伊那市日影のベルシャイン伊那店では1日午前11時から、初売りを行った。開店を待つ人たちが列をつくる中、信州伊那太鼓が祝いの太鼓を打ち鳴らし、初売りを盛り上げた。

ベルシャインの目玉は各店で行っている名物福袋。新春を彩る花「シンビジウム」と1万円の商品券をセットにした福袋で、今年も開店30分前に配った整理券を手にした来店客だけに販売した。伊那店の取り扱いは150セットで、午前8時半ごろから整理券を求める人の列ができていた。

一番乗りで並んだ市内の男性(77)は「コロナで親戚も来ないし、どこにも出掛けられない。せめて初売りぐらいは…と思って並んだ。我慢の正月だが、この花で少しでも家の中を明るくしたい」と話していた。

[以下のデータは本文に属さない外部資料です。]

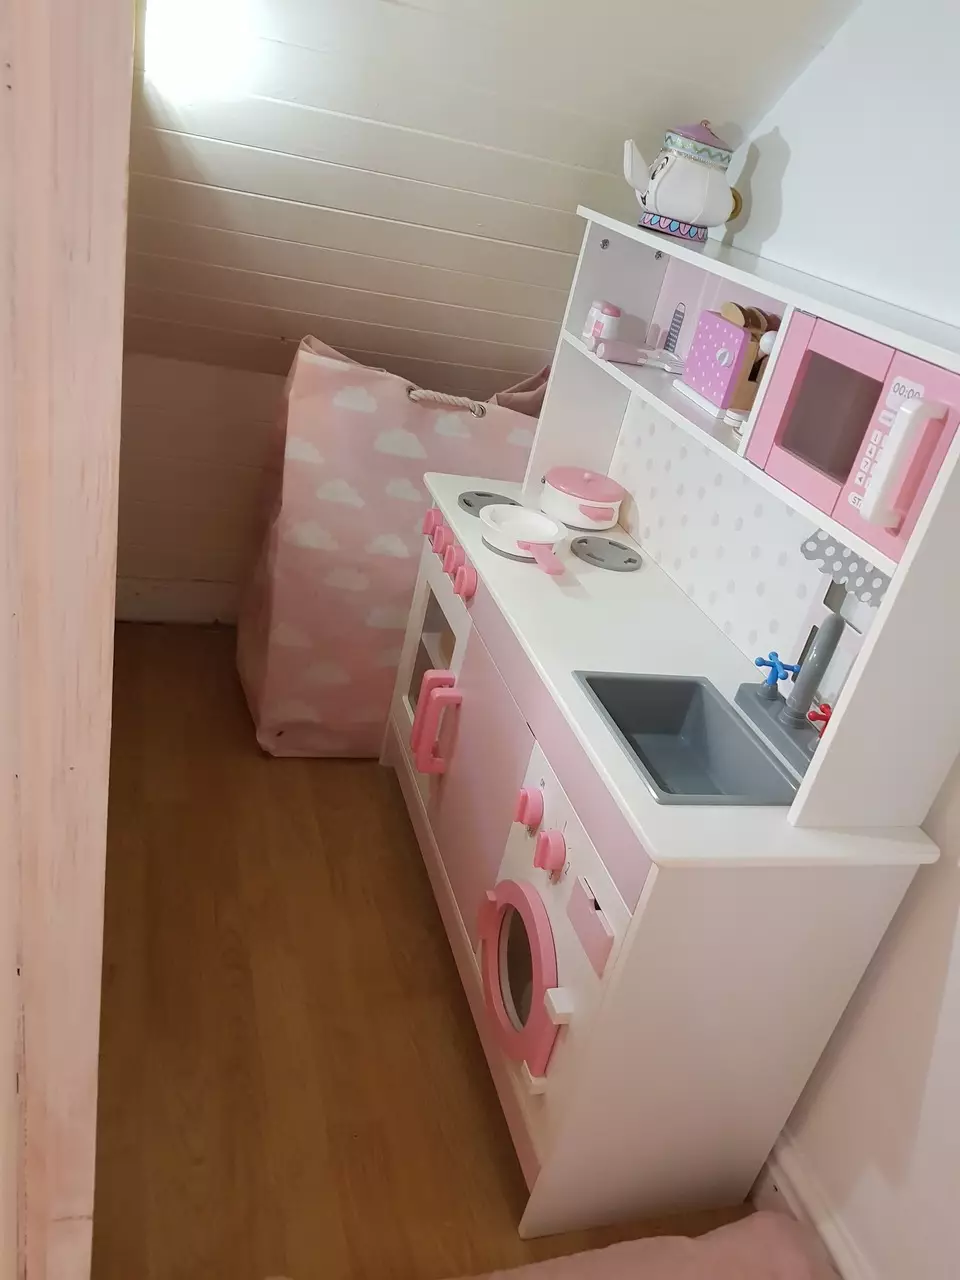 The under stairs play area comes complete with kitchen. (

初売りで目当ての品物を買い求める家族連れら=2日、伊那市のカクマン伊藤園

一方、伊那市坂下入舟の商店街にある茶舗、カクマン伊藤園では2日朝から初売りを行った。伊藤哲寛社長(62)によると、コロナ禍で初売りの開催有無を年末ぎりぎりまで迷ったが、「例年来て下さるお客さまの期待に応えたい」と実施を決断。当日の大勢の来客に「本当に感謝しています」と述べた。

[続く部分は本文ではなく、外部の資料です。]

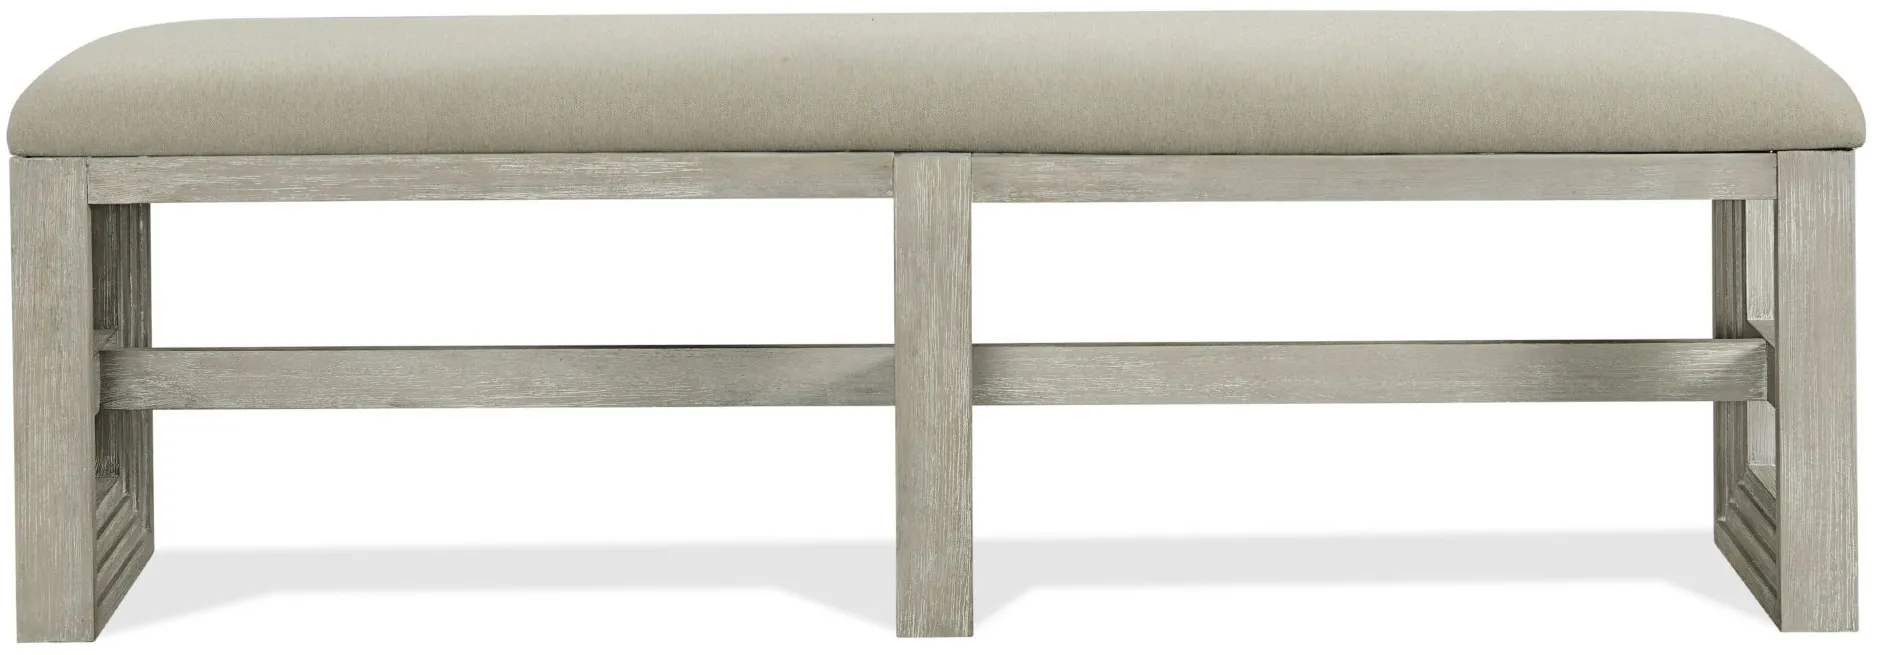 Cascade Upholstered Dining Bench in Dovetail by Riverside Furniture

同店では家族や親戚10人が総出で接客。店頭では買い物客が恒例の「大福引」に挑戦した。1等賞の清酒1・8リットルとステンレス製のボウルセットを当てた市内の女性(85)は「今年は良い1年になりそう」と喜んだ。

家族で買い物に来た近所の福澤政芳さん(67)は「毎年初売りに来ないと正月になった気がしない」と話し、飲むと「気分が落ち着き、頭がさえる」という抹茶を買って笑顔を見せた。同店では3日も午前9時から初売りを行う。